Today though I'm going to do the unthinkable {at least for anything you've read here over the past decade or so} and tell you how I think an active portfolio could outperform a passive one going forward. My formula is pretty simple formula and I'll lay it out below.
First you have to have a highly researched and concentrated portfolio of names. Ten would be ideal, twenty stocks would be the ceiling. You would likely have to actively trade around these positions due to market volatility and be ruthless about paring names that aren't performing if you have something in your research box that you think has better fundamentals. You would have to mine the portfolio for losses in order to mitigate the effects of capital gains. Also you would have to be willing to give up some of the profits by hedging the positions, most likely with options or futures. Finally you would need to have the fortitude to let your winning names run.
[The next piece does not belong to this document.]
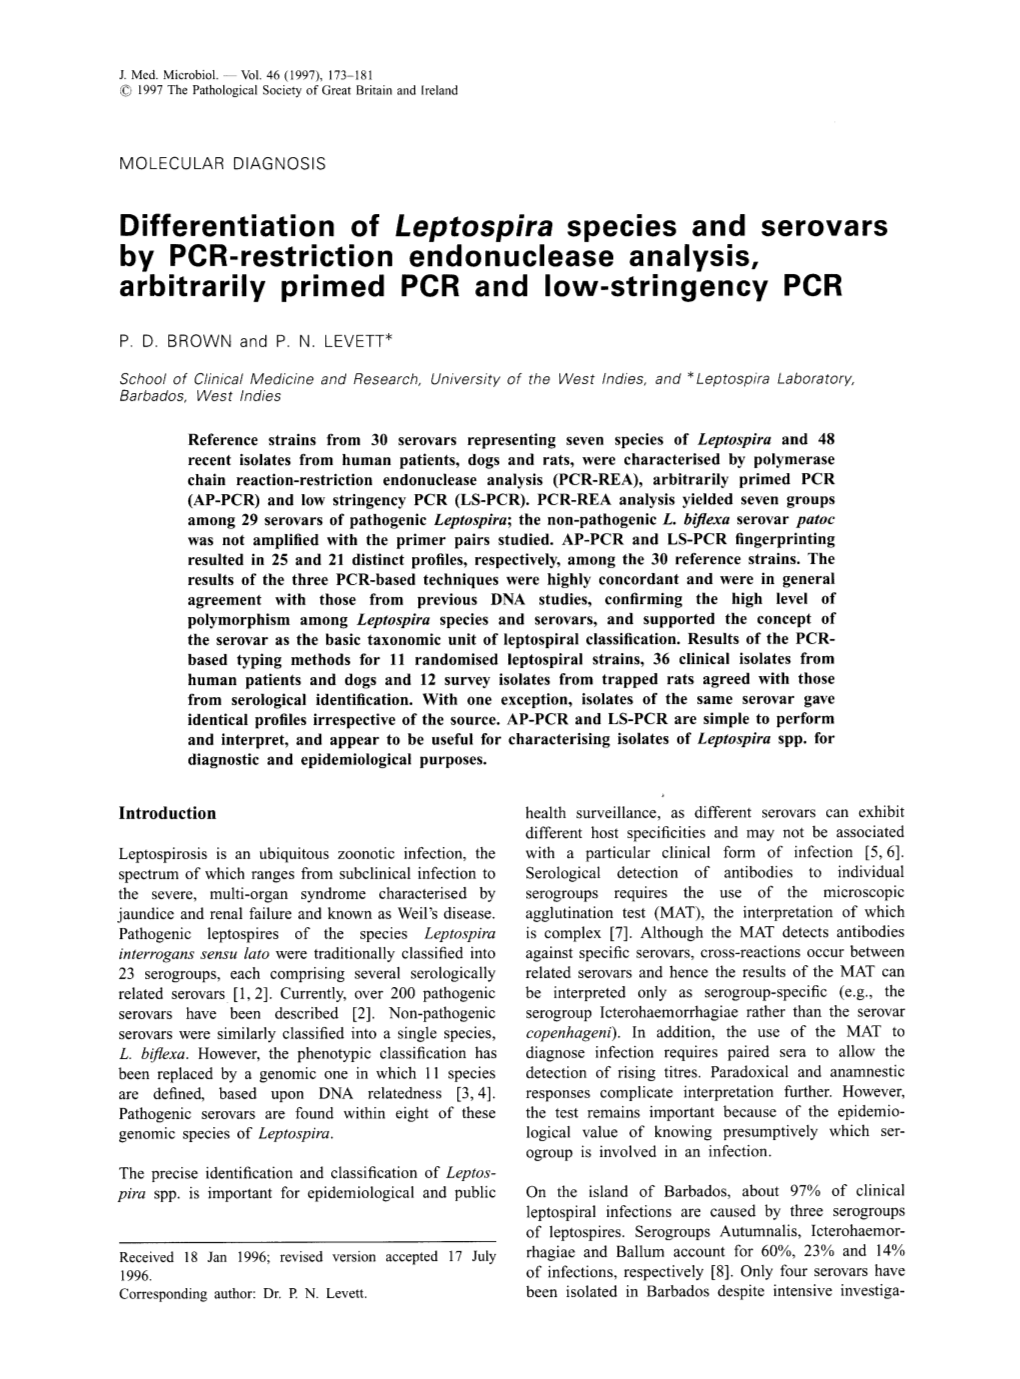 Differentiation of Leptospira Species and Serovars by PCR-Restriction Endonuclease Analysis, Arbitrarily Primed PCR and Low-Stringency PCR

Now here's the problem as I see it for most investors and active managers. They don't have the research capabilities to run that sort of concentrated portfolio and any organization that does isn't likely to bear the cost of having that kind of staff today unless they can also be employed in other forms of investing. Most won't take the time to do the sort of capital gains mitigation that I think you would need for this to work and most have little to no understanding of the options or futures markets. Finally my guess is that you could only manage about a $100 million dollars or so in a strategy like this for it to be effective, so I don't think you're going to see a lot of managers scurrying out there to set portfolios like these up today. Of course this sounds like the original formula that hedge funds used back in the day before they became so huge and it is how many of these rose to the size they have become. Today though a fund of $100 million wants to get to a billion dollars of assets and the size simply becomes a hurdle that is harder to overcome.
You don't have to worry about me trying to go out and invest this way. Also I think it would be harder to scale unless done in the limited partnership/hedge fund formate, but if I was going to actively manage a portfolio of equities for clients today, above is the formula that I would use.